KB human oral squamous carcinoma cells and NIH3T3 mouse fibroblast cells were obtained from the Korean Cell Line Bank (KCLB, Seoul, Korea) and maintained with DMEM medium supplemented with 10% fetal bovine serum (FBS) and 1% antibiotics in a 5% CO2 incubator operating at 37°C.

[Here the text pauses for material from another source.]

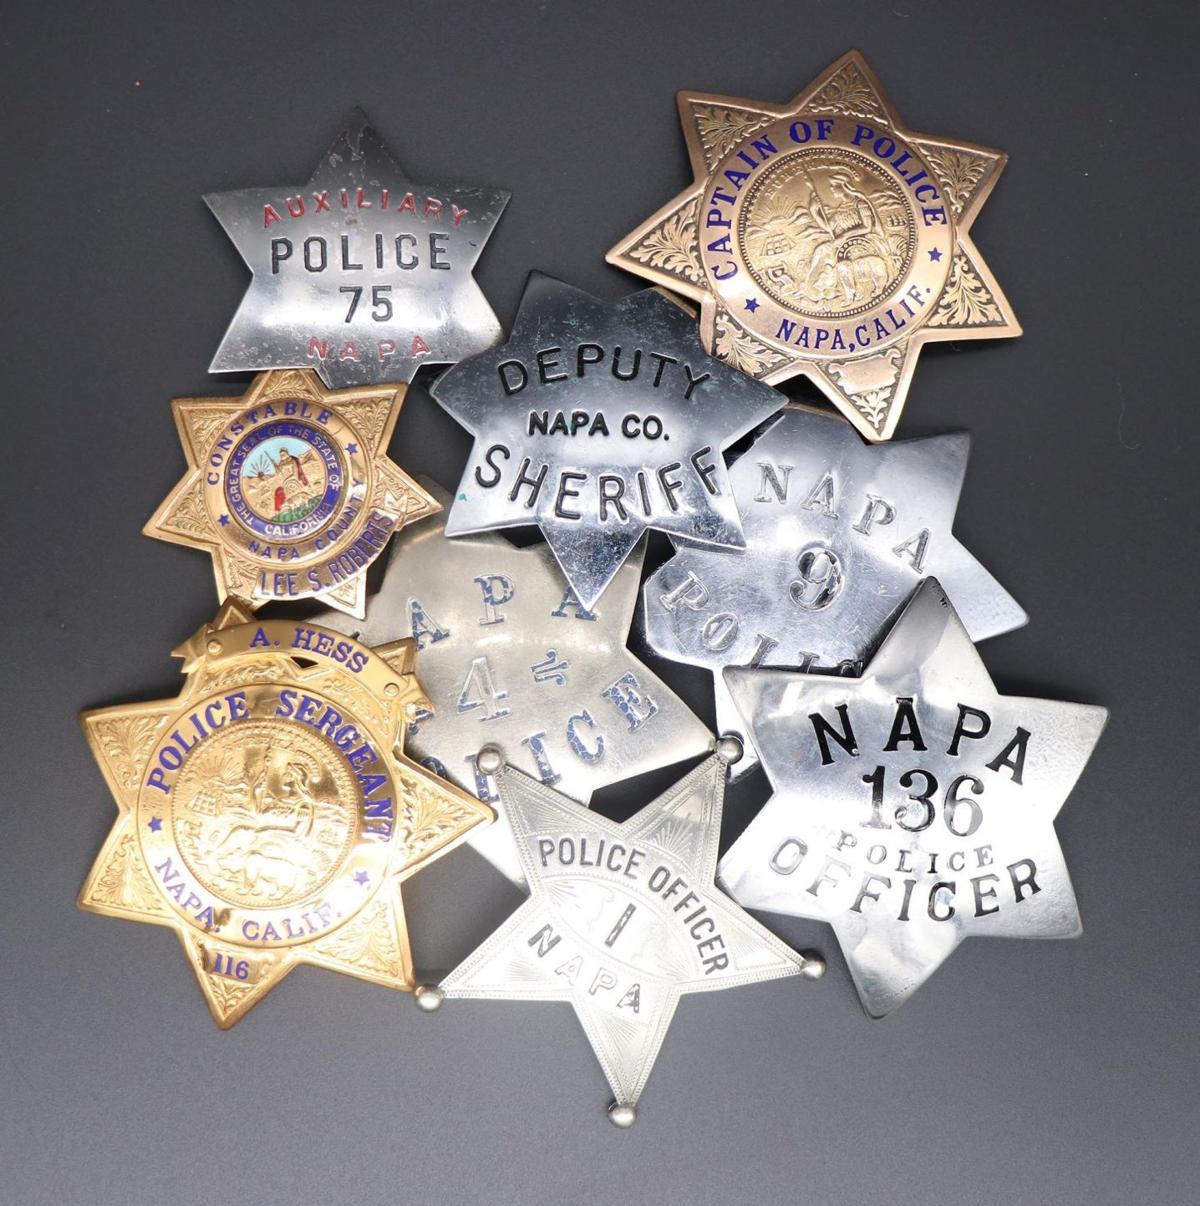 Napa Police Historical Society
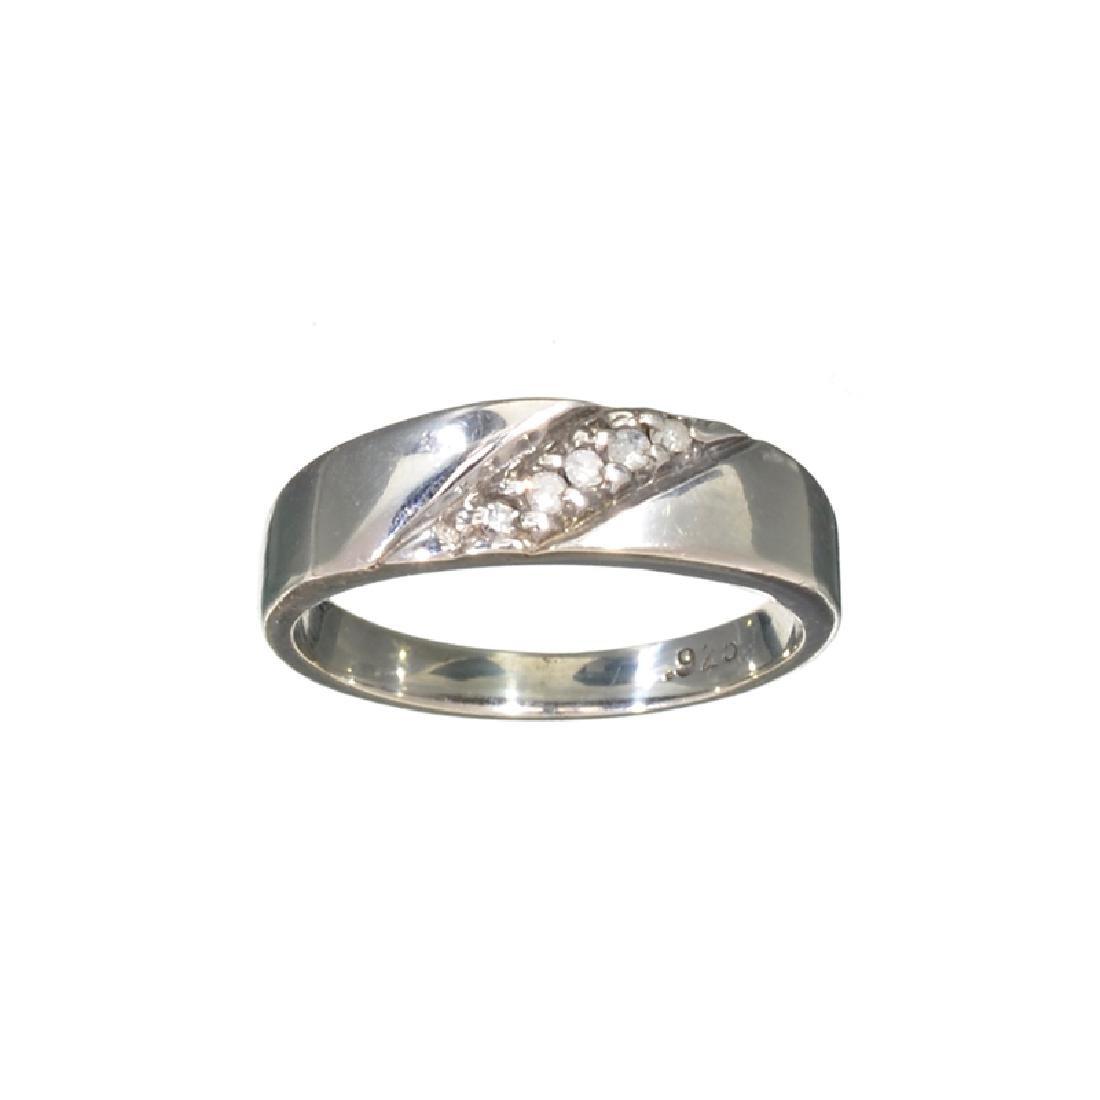 APP: 0.3k Fine Jewelry 0.05CT Single Cut Diamond And

Targetability of nanoparticles for folate receptor of KB cell

To study targetability of nanoparticles against the folate receptor of tumor cells, KB cells were seeded onto cover glass in 6-well plates and cultured overnight in a 5% CO2 incubator (37°C) with RPMI 1640 media (supplemented with 10% FBS and 1% antibiotics). Cells were washed with PBS (pH 7.4, 0.1 M) and treated with 5 μg/ml of DOX or nanoparticles for 1 h. DOX was dissolved in DMSO and then diluted at least 100 times with folic acid free-RPMI1640 medium. Lyophilized nanoparticles were carefully reconstituted into folic acid free-RPMI1640 medium. To prove targetability of nanoparticles, KB cells were pre-treated with folic acid (5 mM) 1 h before addition of nanoparticles. After 1 h, cells were washed with PBS and treated with 4% paraformaldehyde. Cells were washed again with PBS and fixed by immobilization solution (ImmuMount, Thermo Electron Corporation, Pittsburgh, PA). These cells were observed by confocal laser scanning microscopy (CLSM) using a TCS-SP2 microscope (Leica, Wetzlar, Germany). Flow cytometry analysis of cells was also performed to assess targetability of nanoparticles. KB cells were seeded at a density of 1 × 106 cells in 6-well plates and incubated overnight. Cells were treated with DOX or nanoparticles as described above. After 1 h, cells were harvested and analyzed with a flow cytometer. An excitation wavelength at 488 nm and emission wavelength at 522 nm were used to observe the fluorescence intensity of DOX.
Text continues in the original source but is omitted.